Adding a .okignore rule that excludes a tree that already contains documents does not retroactively delete those documents — they remain readable through the editor and MCP tools — but they cannot be moved INTO the excluded tree.

content.dir

content.dir in .ok/config.yml selects the root of content. Default is . (the project root). Most projects don't need to change this.

.ok/config.yml
content:
  dir: .

content.include and content.exclude are no longer config keys. If they appear in your config.yml, OK rejects the file with a source-located error. The error is per-key: content.exclude patterns can be 1:1 migrated to .okignore; content.include patterns cannot — .okignore is exclude-only, so an include whitelist needs to be expressed differently (use content.dir to scope to a subdirectory; rely on the upstream .md/.mdx extension gate; or invert specific include patterns into exclude rules for everything else).

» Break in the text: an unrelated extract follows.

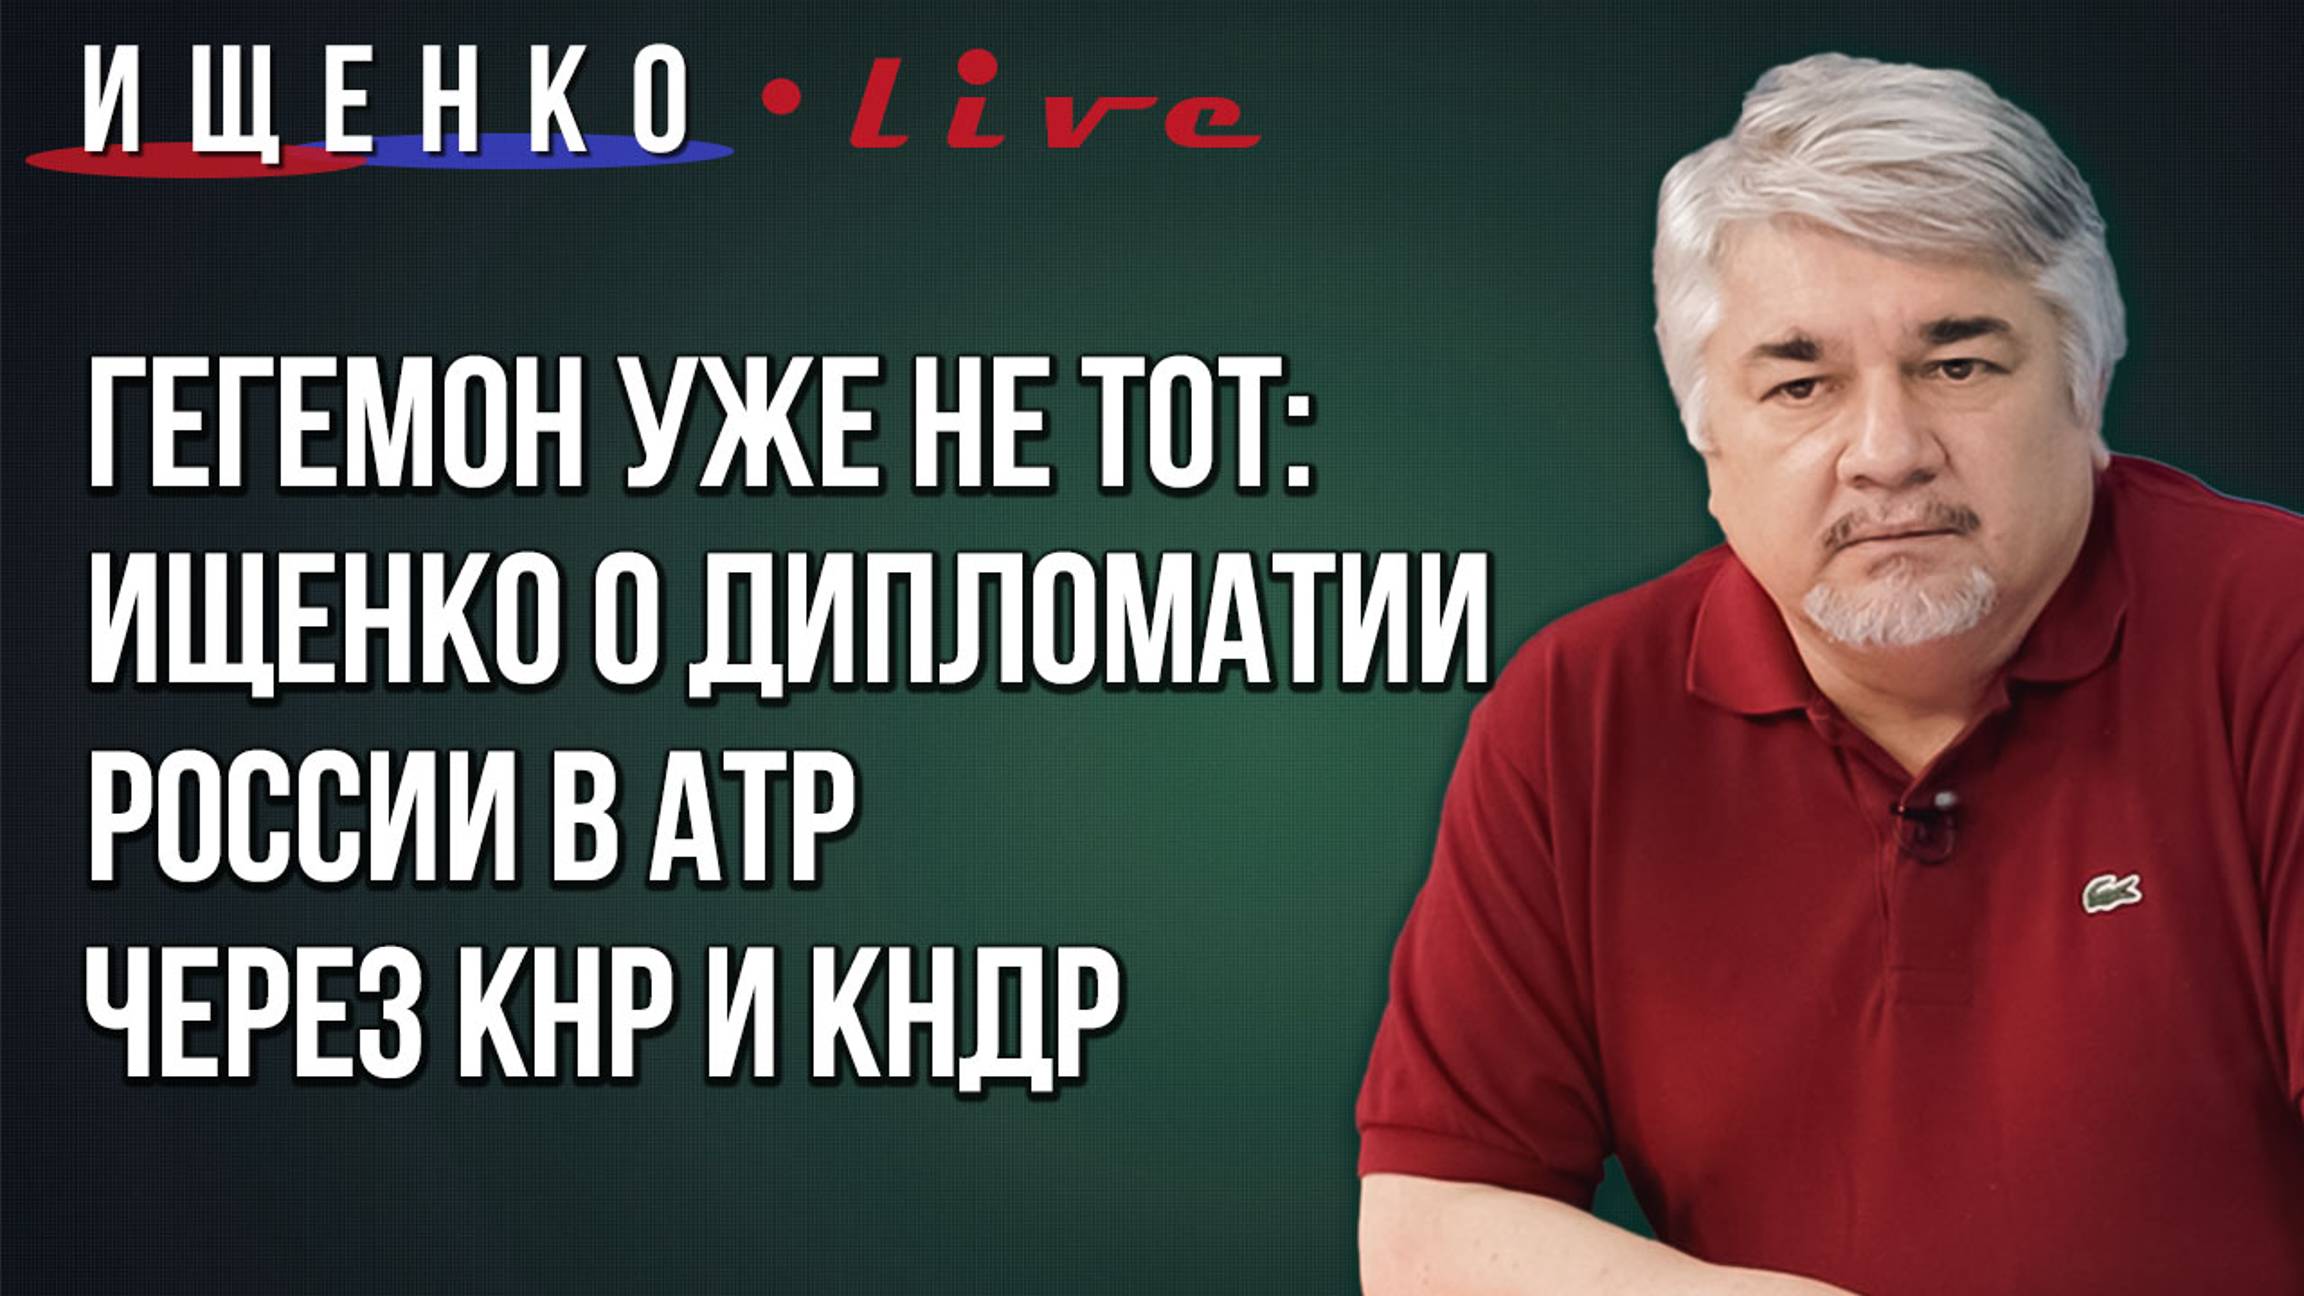 Ищенко о статистике потерь ВСУ на фронте, переезде украинцев в РФ и религиозной раскачке

Migrating from content.include / content.exclude

Patterns convert 1:1 — gitignore syntax is a superset of the picomatch globs the old keys used:

# config.yml (before)
content:
  exclude:
    - drafts/**
    - "*.draft.md"
.okignore (after)
drafts/
*.draft.md

Then remove the content.include and content.exclude keys from your config.yml — either via ok config migrate (which strips them automatically; see CLI reference) or by hand. If any removed keys remain, OK refuses to start with a source-located REMOVED_KEY error pointing at the offending lines, so you can't miss them.

content.include had only one real job — gating which extensions count as content — and .md/.mdx extension matching is now hardcoded upstream. If your old content.include was the default (['**/*.md', '**/*.mdx']), you don't need to add anything to .okignore for it.

Performance

The walker skips built-in system directories before reading any ignore file, and best-effort ignore globs are also passed to the native file watcher for kernel-level filtering, so excluded paths never trigger filesystem events.